В книге рассказывается история главного героя, который сталкивается с различными проблемами и препятствиями на протяжении всего своего путешествия. По пути он встречает множество второстепенных персонажей, которые играют важные роли в истории. Благодаря опыту главного героя книга исследует такие темы, как любовь, потеря, надежда и стойкость. По мере того, как главный герой преодолевает свои трудности, он усваивает ценные уроки жизни и растет как личность.
В книге рассказывается история главного героя, который сталкивается с различными проблемами и препятствиями на протяжении всего своего путешествия. По пути он встречает множество второстепенных персонажей, которые играют важные роли в истории. Благодаря опыту главного героя книга исследует такие темы, как любовь, потеря, надежда и стойкость. По мере того, как главный герой преодолевает свои трудности, он усваивает ценные уроки жизни и растет как личность.
Молодой человек взял каюту на превосходном пакетботе «Индепенденс», намереваясь добраться до Нью-Йорка. Он узнает, что его спутником на судне будет мистер Корнелий Уайет, молодой художник, к которому он питает чувство живейшей дружбы.В качестве багажа у Уайета есть большой продолговатый ящик, с которым связана какая-то тайна...

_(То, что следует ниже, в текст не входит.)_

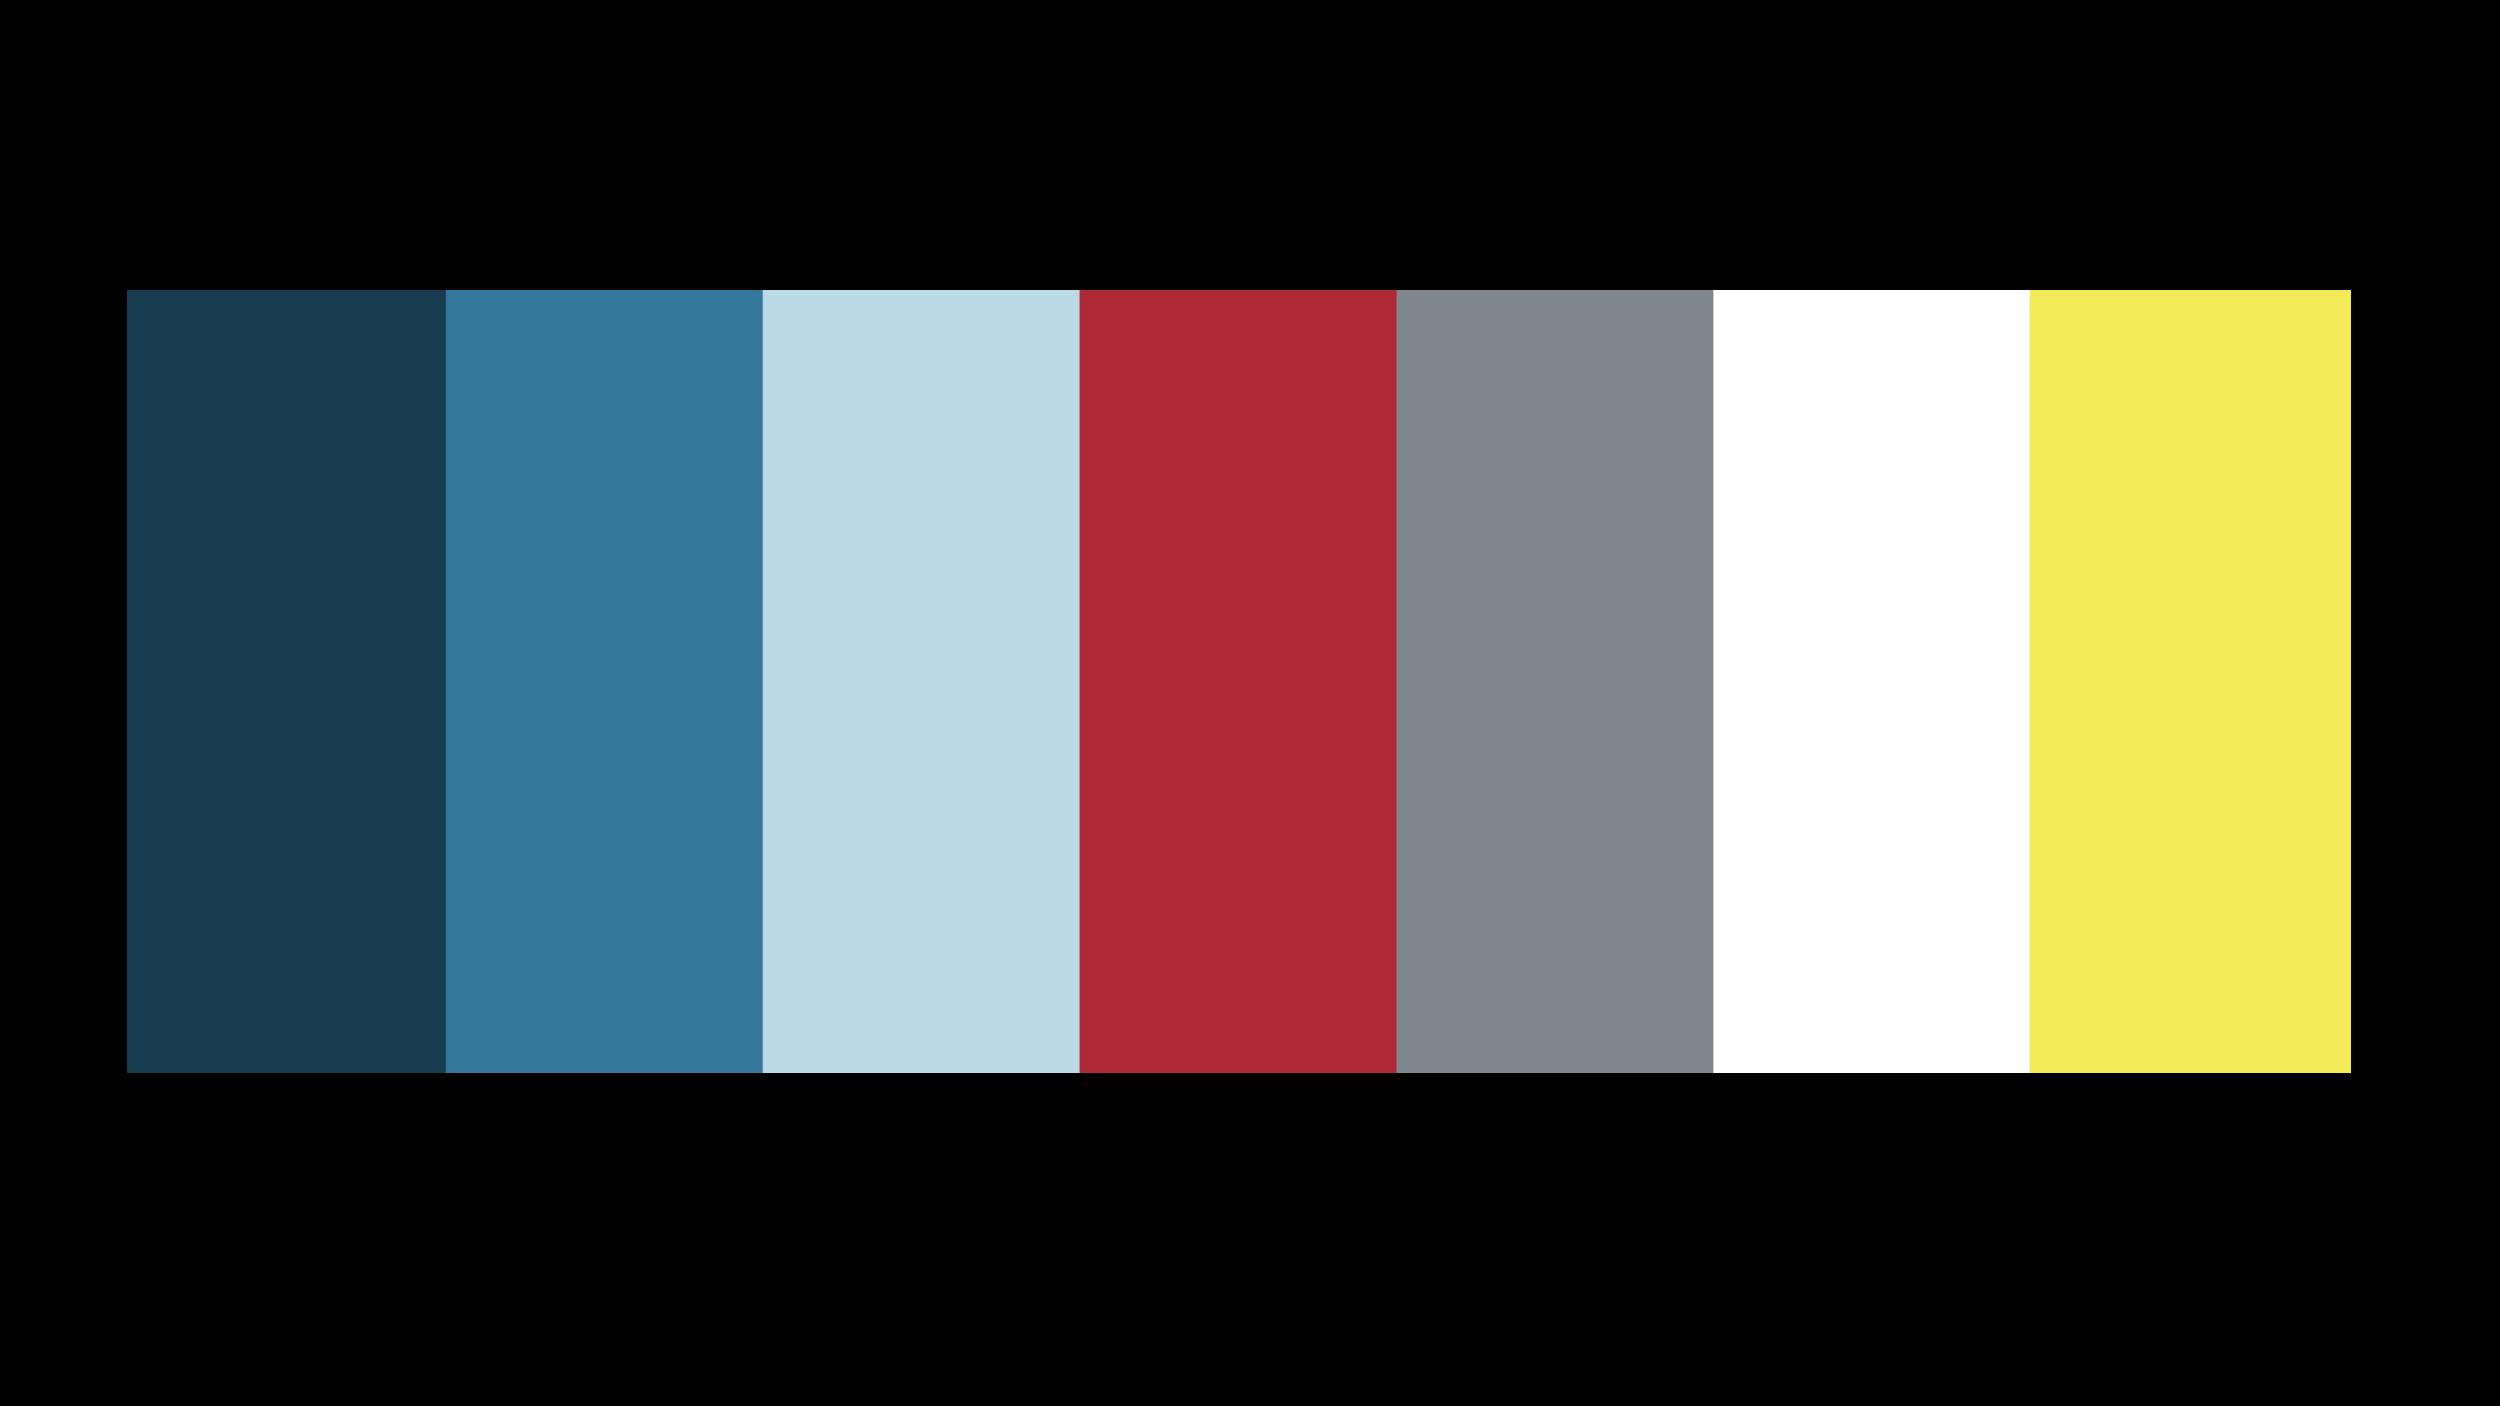 JAWS Color Palette

«В романах "Мистер Бантинг" (1940) и "Мистер Бантинг в дни войны" (1941), объединенных под общим названием "Мистер Бантинг в дни мира и войны", английский патриотизм воплощен в образе недалекого обывателя, чем затушевывается вопрос о целях и задачах Великобритании во 2-й мировой войне.»В книге представлено жизнеописание средней английской семьи в период незадолго до Второй мировой войны и в начале войны.
В книге рассказывается история главного героя, который сталкивается с различными проблемами и препятствиями на протяжении всего своего путешествия. По пути он встречает множество второстепенных персонажей, которые играют важные роли в истории. Благодаря опыту главного героя книга исследует такие темы, как любовь, потеря, надежда и стойкость. По мере того, как главный герой преодолевает свои трудности, он усваивает ценные уроки жизни и растет как личность.

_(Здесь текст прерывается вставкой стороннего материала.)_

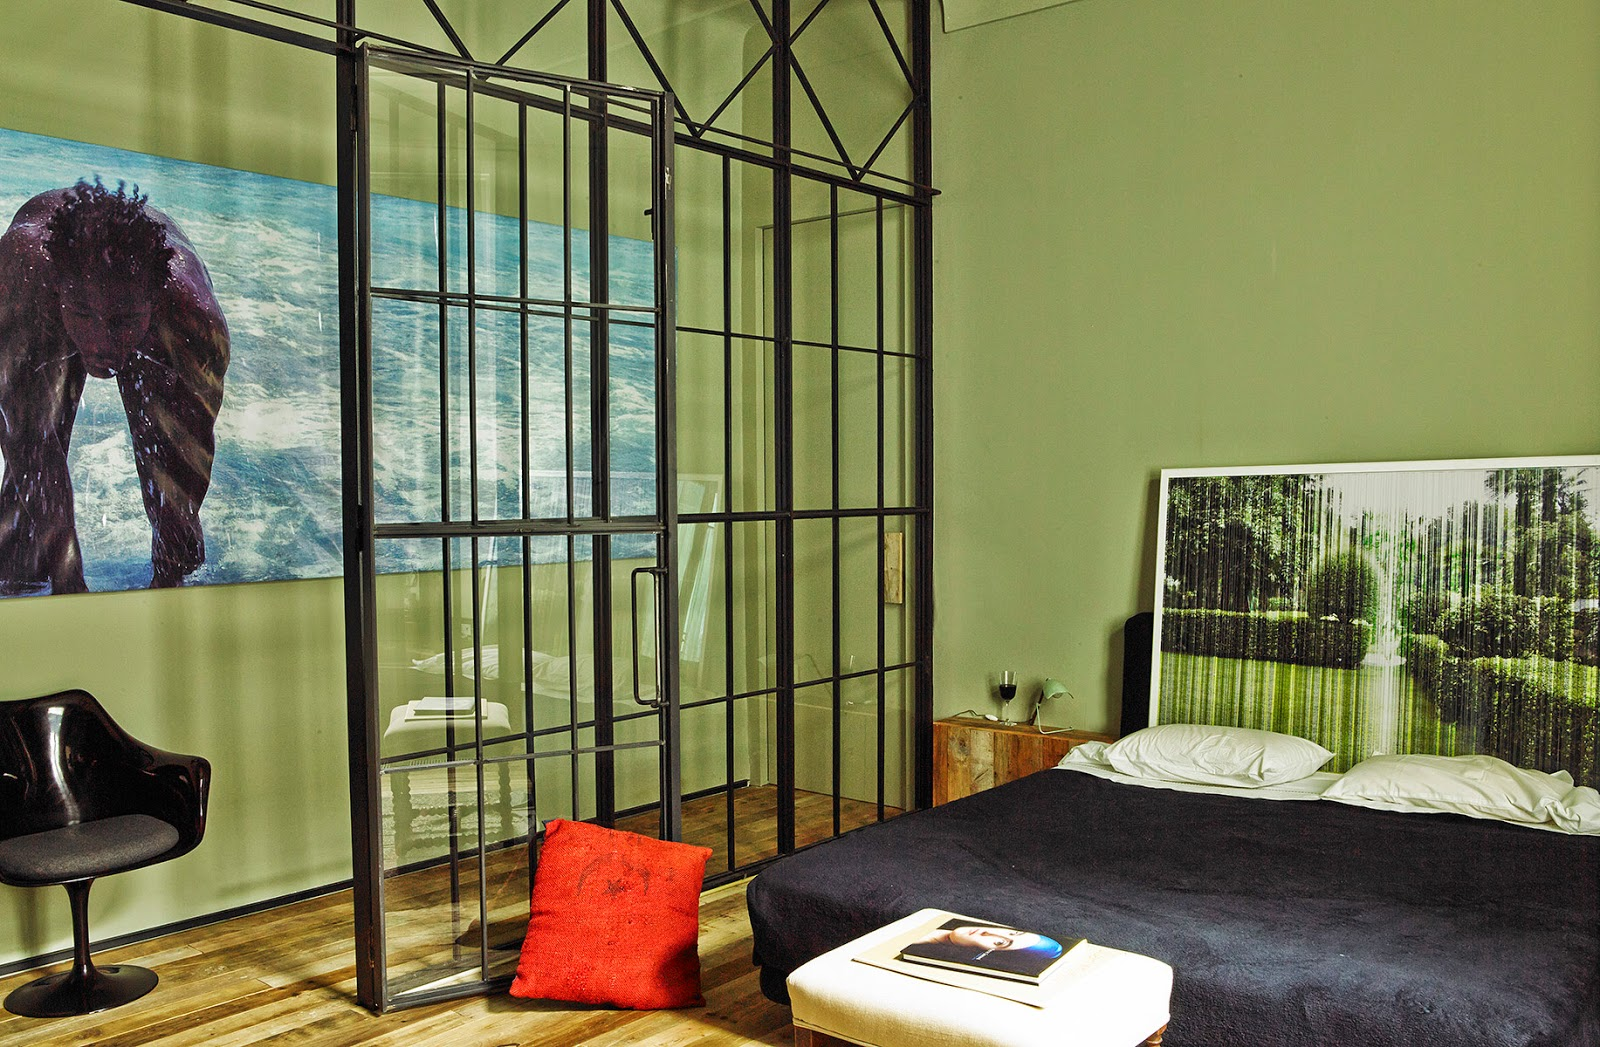 Villa in Grün, Eisen und Holz - naturverbundene Einrichtung und Wohnen in der Stadt

В книге рассказывается история главного героя, который сталкивается с различными проблемами и препятствиями на протяжении всего своего путешествия. По пути он встречает множество второстепенных персонажей, которые играют важные роли в истории. Благодаря опыту главного героя книга исследует такие темы, как любовь, потеря, надежда и стойкость. По мере того, как главный герой преодолевает свои трудности, он усваивает ценные уроки жизни и растет как личность.